Thyroid Storm
Definition:
➧ Acute life-threatening exacerbation of thyrotoxicosis
Precipitating factors:
➧ Withdrawal of antithyroid drugs
➧ Severe infection
➧ Diabetic ketoacidosis (DKA)
➧ Cerebro-vascular accident (CVA)
➧ Cardiac failure
➧ Surgery
➧ Trauma
➧ Radioiodine
➧ Drug reaction
➧ Iodinated contrast medium
Clinical picture:
➧ Patient with Graves disease who has discontinued antithyroid medication OR is previously undiagnosed
➧ Hyperpyrexia (40ºC)
➧ Sweating
➧ Tachycardia with or without AF
➧ Nausea, vomiting, and diarrhea
➧ Tremulousness and delirium, occasionally apathetic
Diagnosis:
➧ Free T4, free T3 elevated
➧ TSH suppressed
➧ Note that findings are not different than those of hyperthyroidism, but the difference is in the setting
Management of Thyroid Storm:
1-Inhibition of hormone production:
➤ Antithyroid agents:
➧ Thionamides (1st line therapy):
➧ Carbimazole/Methimazole 20-25 mg/6 h. orally or rectally (although once stable, the frequency of dosing can be decreased to once or twice daily).

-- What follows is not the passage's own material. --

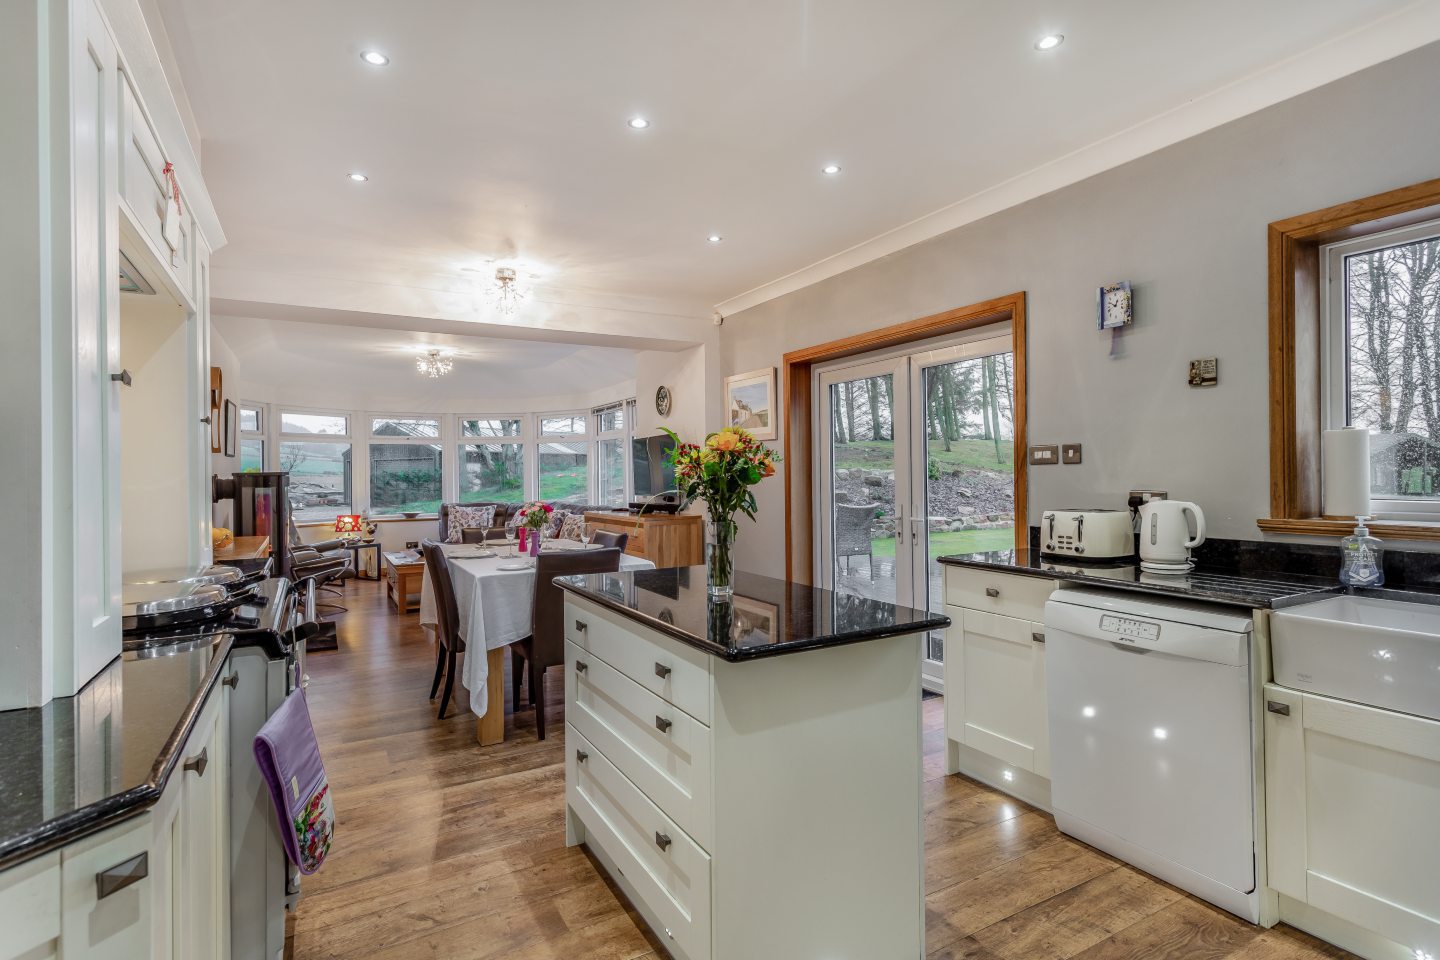 The property's sleek and stylish kitchen with views over the countryside near Aberdeen.

-Carbimazole is metabolized to methimazole after ingestion.
-Halt synthesis of thyroid hormone by interfering with thyroid peroxidase.
➧ Propylthiouracil (PTU): 200 mg or 300 mg/6 h.

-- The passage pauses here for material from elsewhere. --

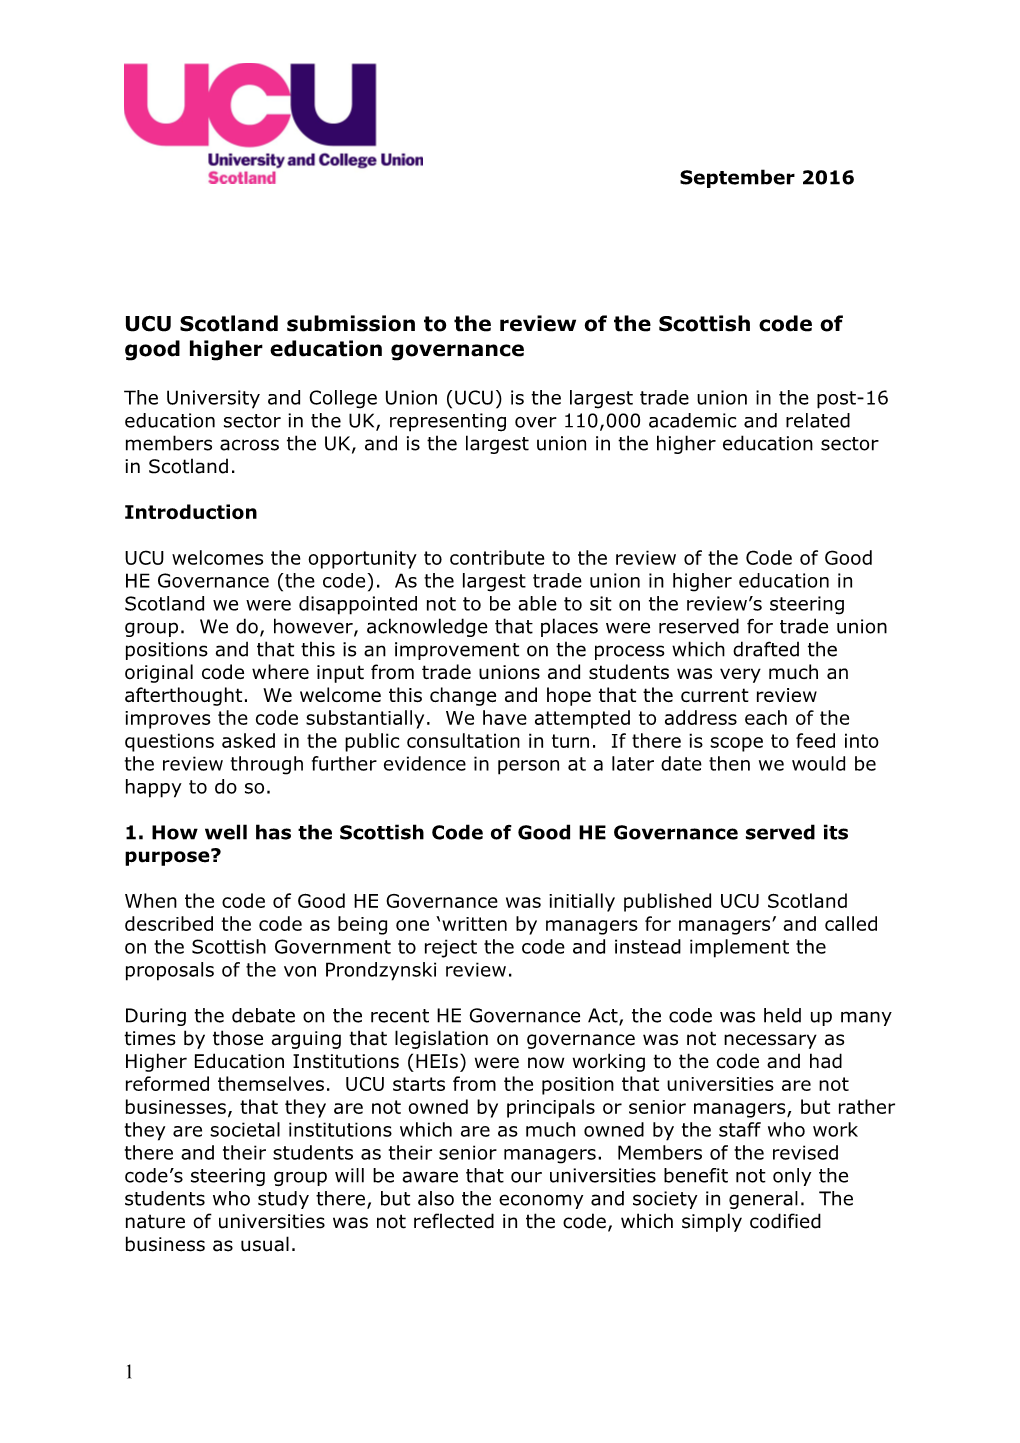 UCU Scotland Submission to the Review of the Scottish Code of Good Higher Education Governance

-Blocks peripheral conversion of T4 to T3 through inhibition of type 1 deiodinase.
2-Inhibition of thyroid hormone release:
➤ Iodine: (high concentration) 0.2-2 g/ d.
-Blocks release a stored hormone (Wolff-Chaikoff effect).
-Decreases iodide transport.
-Prevents oxidation in follicular cells.
-Iodine is given 1 hr after PTU to prevent incorporation into a new hormone.
-Above effects are only transient (48 h.).
-Lower concentration accelerates thyroid metabolism.
➧ Lugol’s solution: (assuming 20 drops/mL, 8 mg iodine/drop) 4-8 drops/6-8 h. oral.
➧ Potassium iodide: (with 20 drops/mL, 38 mg iodide/ drop) 5 drops/6 h.
➧ Oral iodinated contrast agents:
-Competitively inhibit Types 1 and 2 50-mono-deiodinase in the liver, brain, and thyroid, blocking the conversion of T4 to T3, resulting in a rapid decrease in T3 and an increase in reverse T3.
-Inhibit binding of T3 and T4 to cellular receptors.
➧ Sodium ipodate: (308 mg iodine/500mg capsule) 1-3 g/ d.
➧ Iopanoic acid: 1g/8 h. for the first 24 hours, followed by 500 mg/12 h.
3-Controlling of cardiovascular manifestations:
➤ β-blockers:
-Control cardiovascular and hyperadrenergic manifestations.
-Decrease T4-T3 conversion.
➧ Propranolol: 60 to 80 mg/4 h., or 80 to 120 mg/4 h.
-The onset of action after oral dosing takes place within 1 hour.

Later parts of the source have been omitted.